*RAW DATA*.
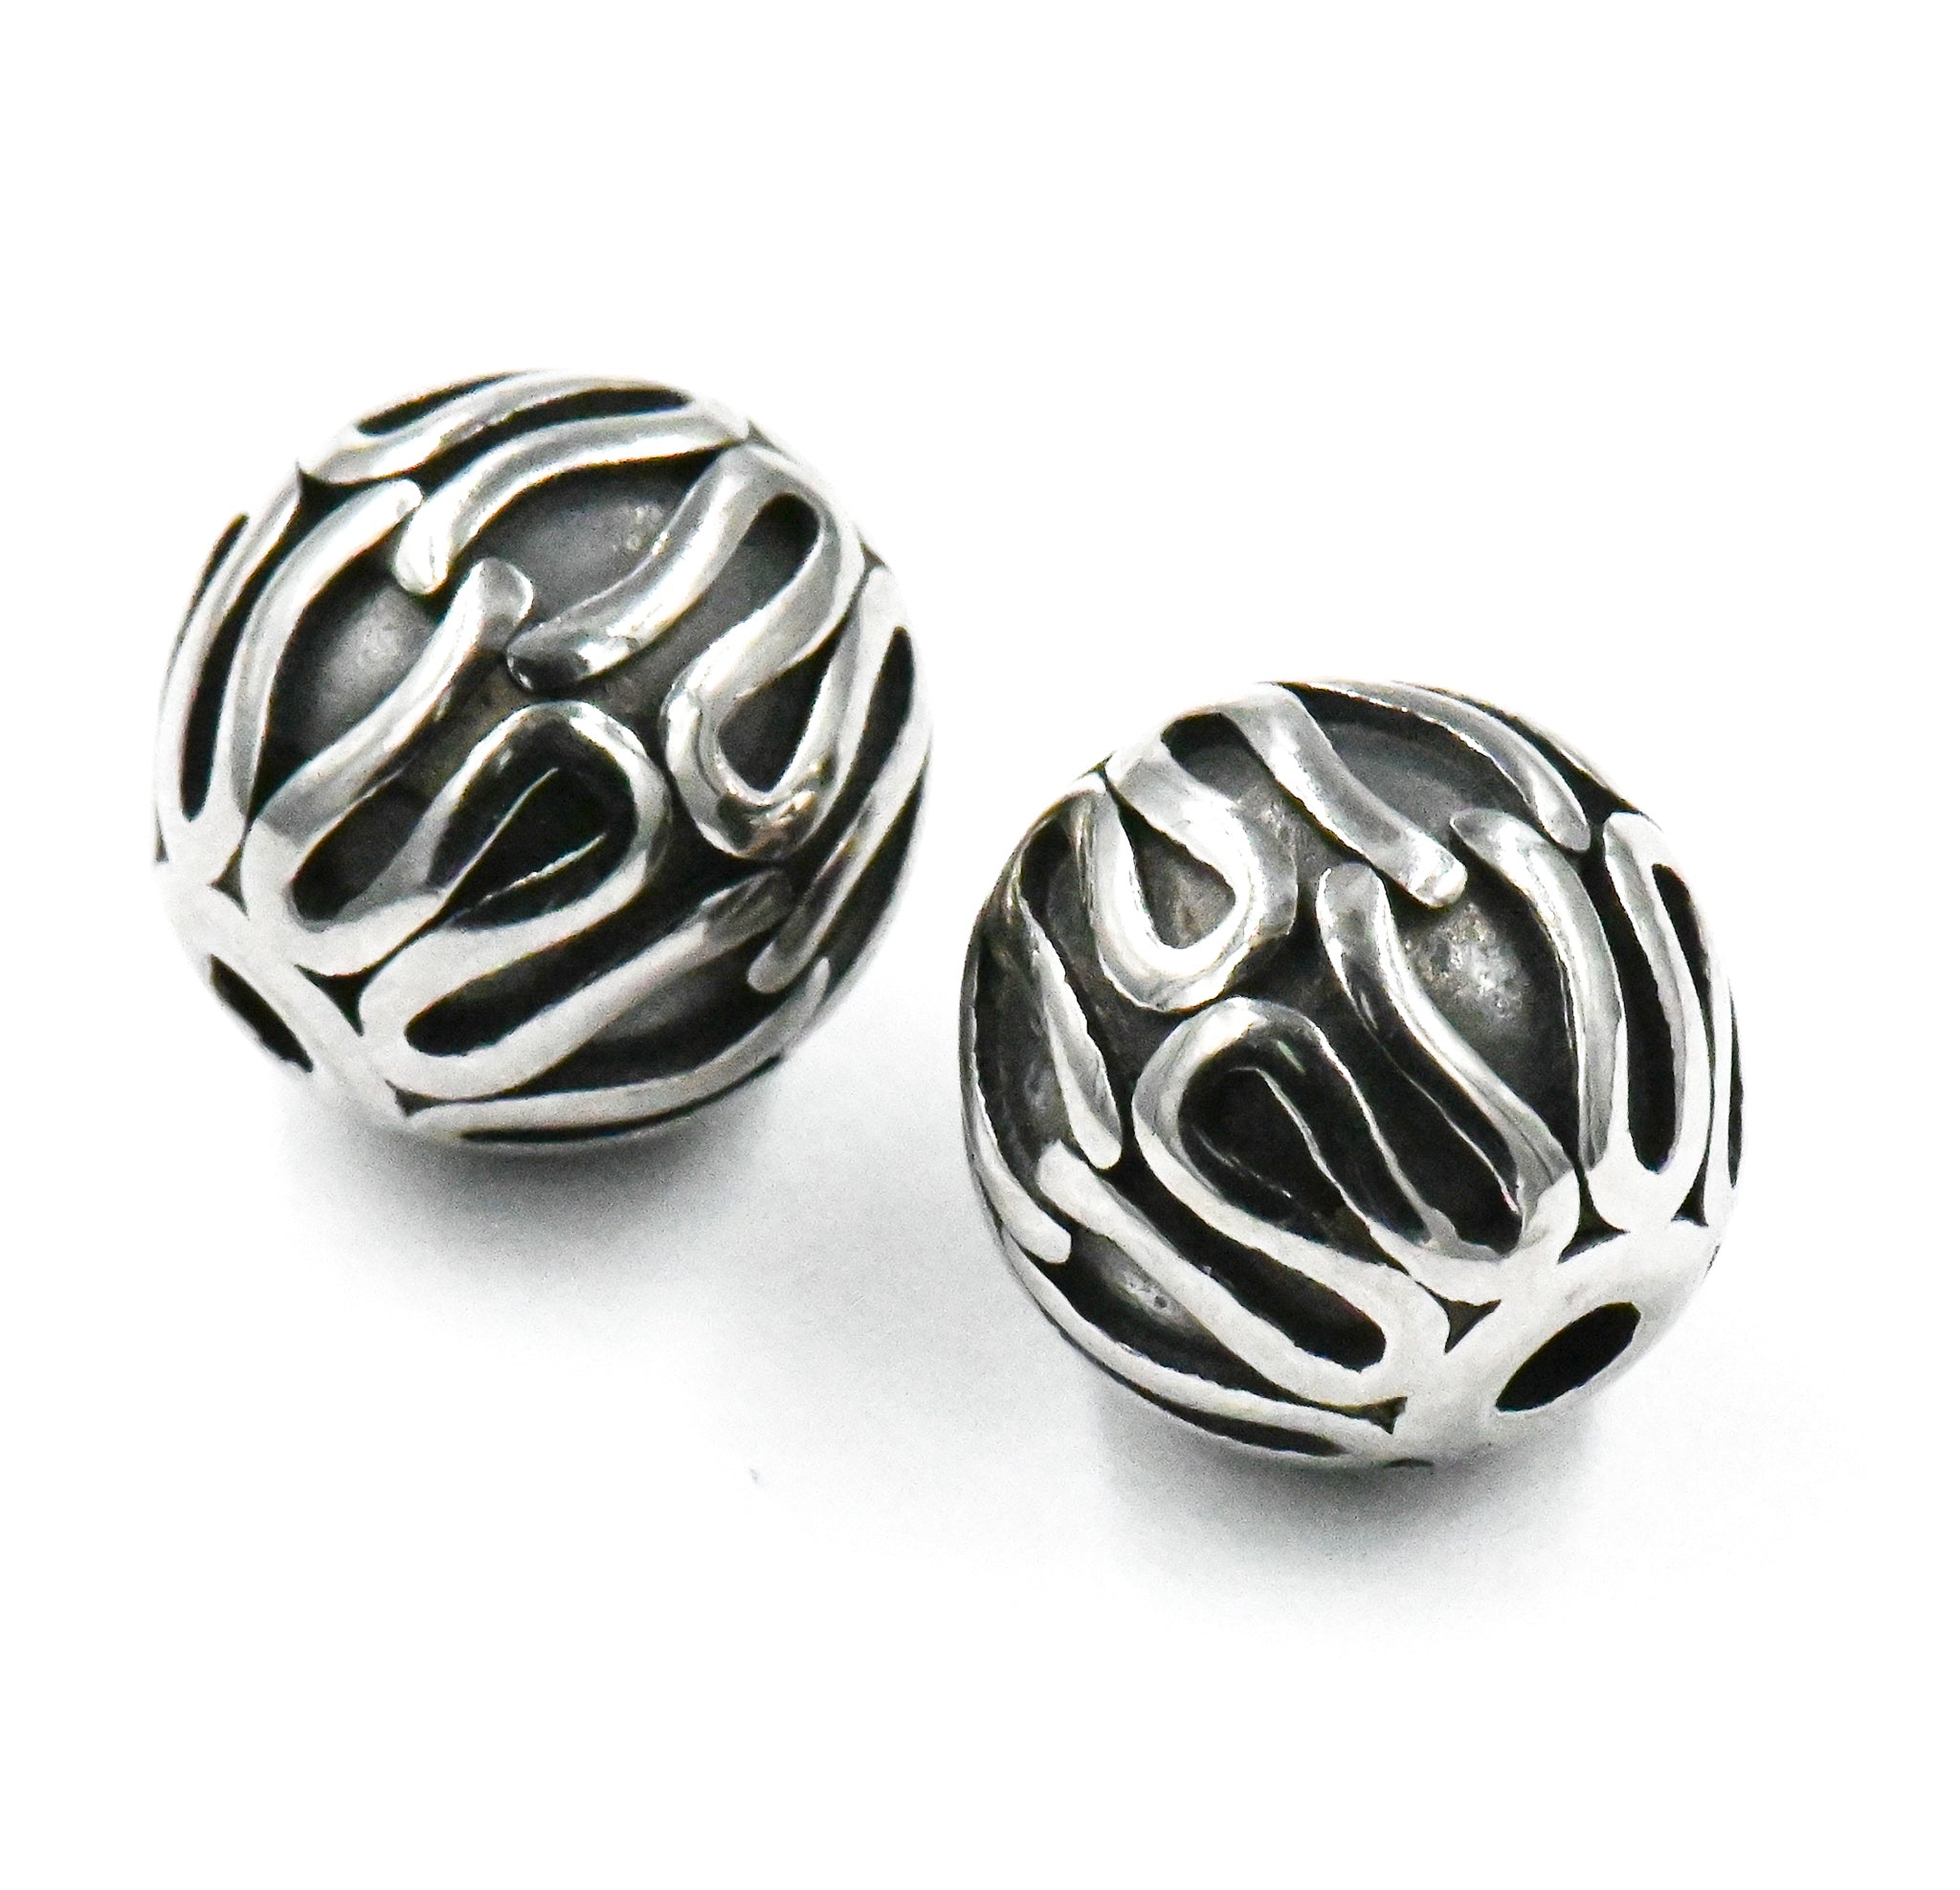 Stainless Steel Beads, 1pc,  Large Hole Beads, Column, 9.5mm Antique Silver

...

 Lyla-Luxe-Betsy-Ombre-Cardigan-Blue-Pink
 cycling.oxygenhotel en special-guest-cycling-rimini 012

*EXERCISE INSTRUCTIONS*. Using the data above, print exactly the lines from the line that contains "Lyla-Luxe-Betsy-Ombre-Cardigan-Blue-Pink" through the line that contains "cycling.oxygenhotel en special-guest-cycling-rimini", with both included.

*ANSWER SPACE*.
 Lyla-Luxe-Betsy-Ombre-Cardigan-Blue-Pink
 cycling.oxygenhotel en special-guest-cycling-rimini 012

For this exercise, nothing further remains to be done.